Time to exit the stage
The evidence is overwhelming: contemporary tariff wars are exercises in preserving myths. They operate on the false premise that blocking foreign goods will inevitably boost domestic prosperity. In practice, they’ve amounted to economic self-harm — a form of nationalist grandstanding that leaves everyone a loser. From the U.S. and China to post-Brexit Britain, the pattern repeats: promises of revived industries, followed by the reality of higher costs, lost jobs, and bitter aftertaste.
It’s time we recognize tariff wars for what they truly are — performance art, not economic policy. They are loud, dramatic, and superficially satisfying to some, but they don’t solve our real problems. Our global economy has outgrown these 19th-century antics. Business leaders understand that competitiveness comes from innovation, efficiency, and human capital, not from fortresses of tariffs. Policymakers should focus on strategies that actually deliver: smarter trade agreements, worker retraining, R&D investment, coordinated supply chain security. Those may not grab headlines like a tariff announcement, but they pay dividends in the long run.

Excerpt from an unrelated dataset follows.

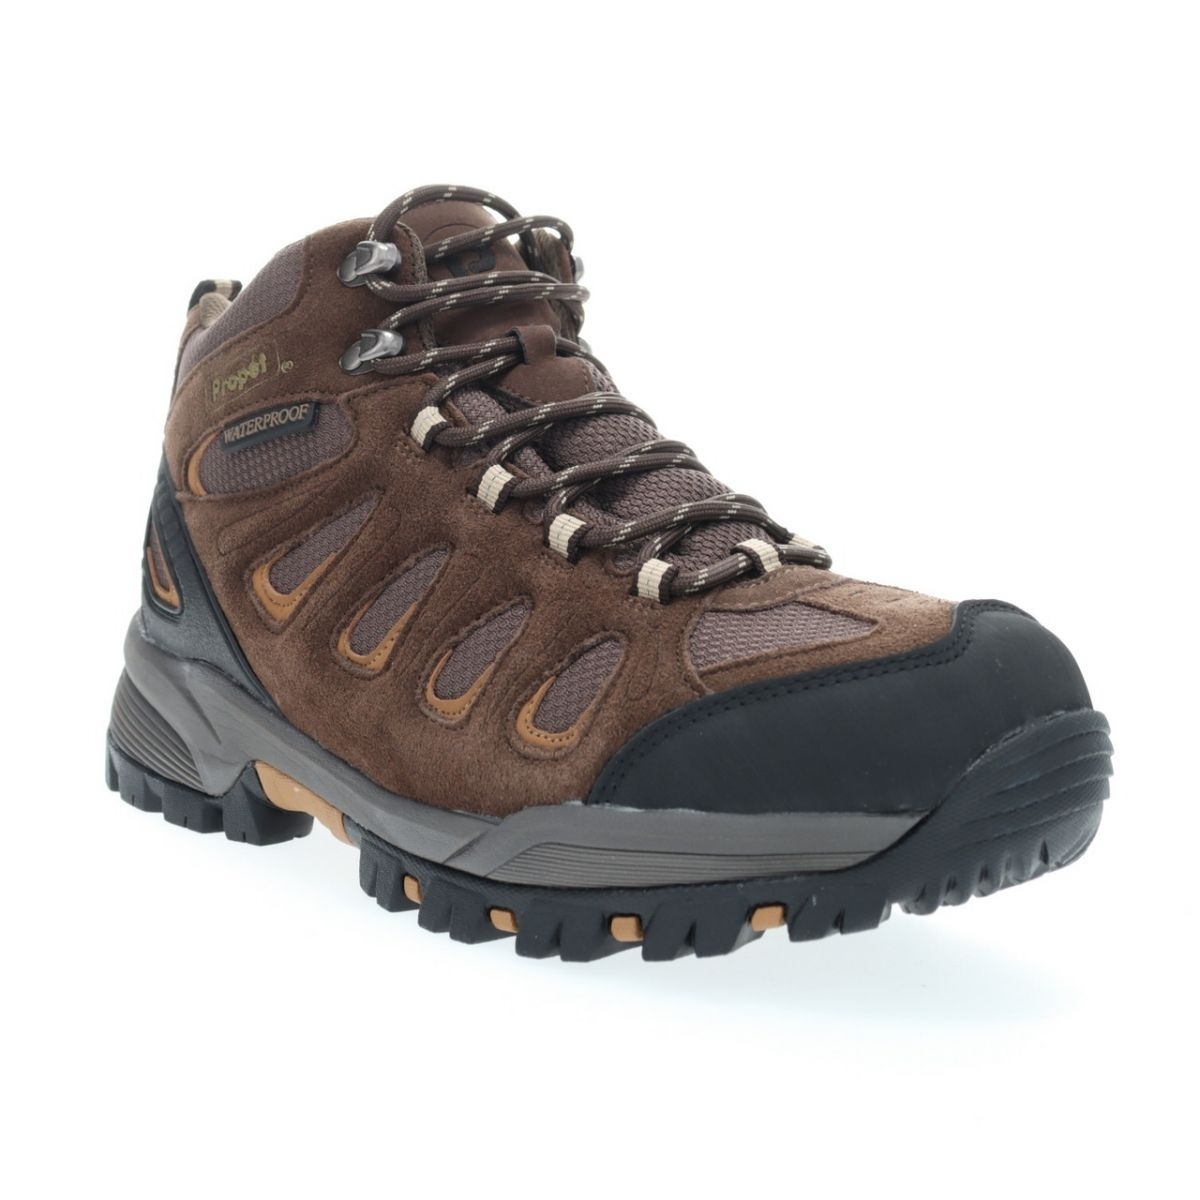 Propet Men's Ridge Walker Hiking Boot Brown - M3599BR 8 XX US Men BROWN - BROWN, 8

In the theater of tariff wars, we’ve watched act after act of the same play — Protecting Jobs in name, Preserving Myths in truth. It’s a play we can no longer afford to stage. The next time a politician thunders about new tariffs to save the economy, remember the lessons of recent years. Tariff wars are easy to start, impossible to win, and costly to all. In lieu of real solutions, they offer only the illusion of action. And as any savvy businessperson will tell you, illusion is a poor substitute for strategy. The curtain must fall on this economic theater. It’s time to exit the stage and move forward into a future based on reality, not rhetoric.
The modern world demands smarter answers than tariff tit-for-tat. After all the sound and fury of recent trade conflicts, one truth stands clear: in a tariff war, there are no winners — only the ghosts of outdated ideas, clung to by those too afraid to face the future. That is the real cost of this performative economic nationalism, and we can — and must — do better.